Etta James was known for her versatility, backed by the unmatched strength of her voice. However, there is a sordid backstory to how James honed her skills.
Etta James ruled the 1950s through the 1990s’ music scene, alongside music greats. Coming up from an impoverished background, the singer rose above all the odds.
James’ talent and influence are entrenched in various music genres, which has been impressive to listeners. However, what made her stand out was her powerful voice, characteristic of a coarse undertone and some grunts. Here’s a look through Etta James’ life that influenced her vocal range.
Who Was Etta James?
Etta James was an award-winning musical artist, a go-getter, and a star who rose above personal life issues. But before all of these, James was Jamesetta Hawkins, a California-born girl with a will to survive.
James was born to Dorothy Hawkins in 1938. Dorothy had been a minor and there was not much she could do for her child. James was taken in by her mom’s friends, Lula and Jesse Rogers, who were also her foster parents.
James had an early introduction to music and started showing her vocal range at age 5. She joined the church choir and would sing her heart out to the joy of the congregation. However, there was one person not so impressed by the amazing talent of the child.
That was James’ choirmaster, and he incessantly pushed her to do more. At a point, the voice coach would ram his fist into her chest to make her sing from the guts. James soon understood what was required of her, and many wondered how a little child could own such a strong voice.
Insides James’s Music Career
By 12, Etta James and her family moved to San Francisco, where she met Johnny Otis. This was way into the 1950s. It all started with casual singing sessions before James decided to release the song “Roll With Me Henry.”
The risque tune was renamed “The Wallflower” to be more acceptable to the American audience. It was also in this period that Otis changed James’ name. Otis also gave her a nickname, the Miss Peaches, which was adopted by a girl group she formed.
James’ stint in the girl group was short-lived as she decided to go solo. Still a teenager, she was signed to Chess Records, a big-shot music group in Chicago. James’ career took off from there with songs like “Something’s Got A Hold On Me” and “I’d Rather Go Blind.”
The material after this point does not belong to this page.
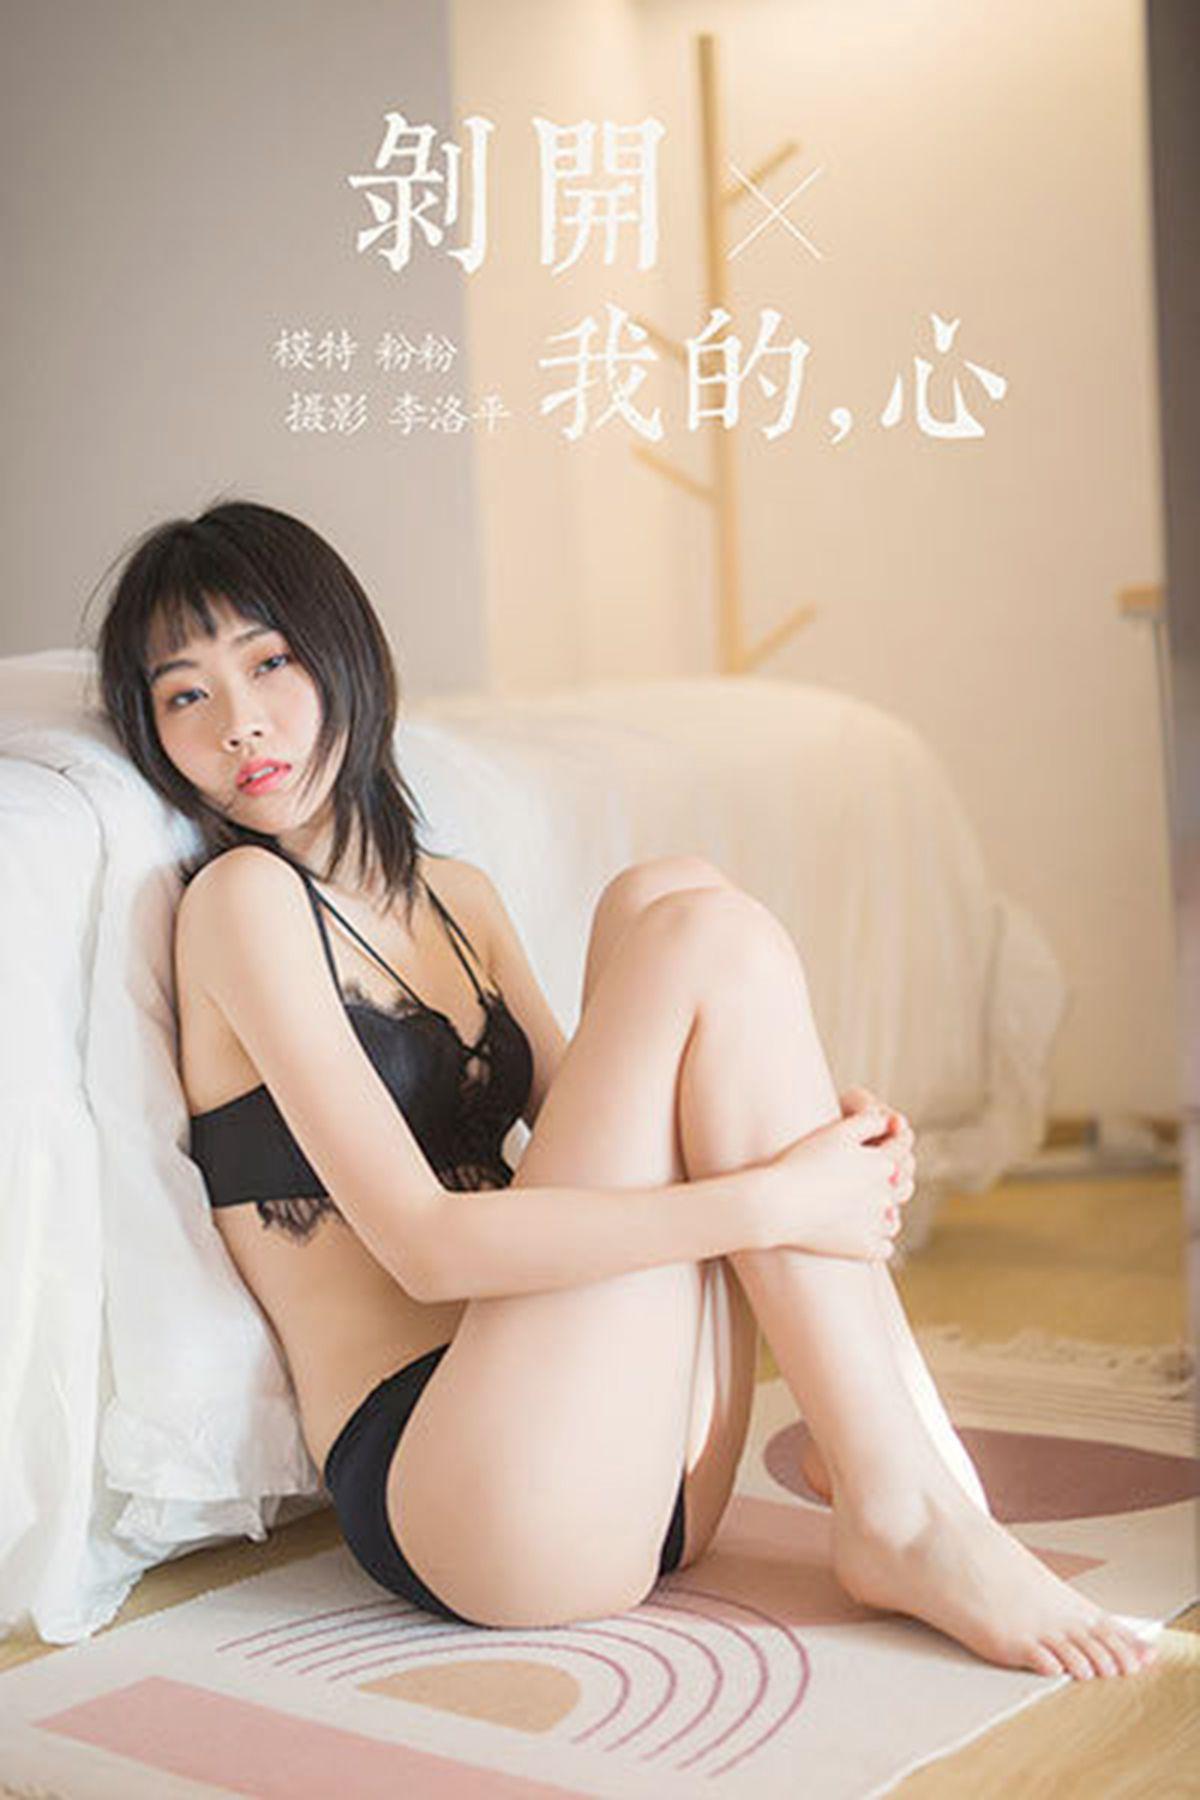 YaLaYi雅拉伊 Vol.575 Fen Fen

James also did duets with her then-boyfriend, Henry Fuqua, and they created something beautiful and evergreen with sounds like “At Last,” “Trust in Me,” and “All I Could Do Was Cry.”
Etta James’ Troubled Years
By the 1960s, James’ signature sounds that melded gospel, blues, jazz, and rock were well on their way to becoming historical. All the while, she remained with Chess Records.
Through the 1960s and 1970s, James sought extra comfort in the cantankerous clutches of hard drugs. She sunk into the thin line between reality and delusion, and many were worried for her.
However, James’ struggles with drugs never affected her music. She collaborated with the Shoals house music band and released her 1967 album, “Tell Mama.” The body of work did excellently well, gaining critical acclaim.
The “A Sunday kind of Love” crooner released her eponymous album, “Etta James,” in 1973 and bagged a Grammy nomination. In 1977, James moved to Warner Brothers Records and released more albums, all bagging critical acclaim.
Through this triumphant period in her career, James; personal life was in shambles because of her heroin addiction. She developed unscrupulous behavior. Ultimately, a judge gave her an ultimatum to go to jail or sign up for rehab, and she agreed with the latter.
Etta James’ Life Post-Addiction
In the 1990s, James seemed to have moved past her addiction and was ready for more wins. In accordance, she released an album, “Mystery Lady” in 1994, and it earned her a grammy award.
James was the recipient of six Grammy awards, further bagging a star on the Hollywood walk for me and a place in the Rock and Roll Hall of Fame.
With a career span close to six decades, James’ music stood classic enough to influence the likes of Christina Aguilera, Adele, and Beyoncé, who played her in “Cadillac Records.”
In the 2000s, James struggled with being overweight and, at 400lb, had to undergo a gastric bypass. In 2010, the music star was diagnosed with Leukemia after a blood infection.
She also suffered dementia and hepatitis C until she died in 2012. Etta James died in her Riverside home in California and is survived by her sons, Donto and Sametto James.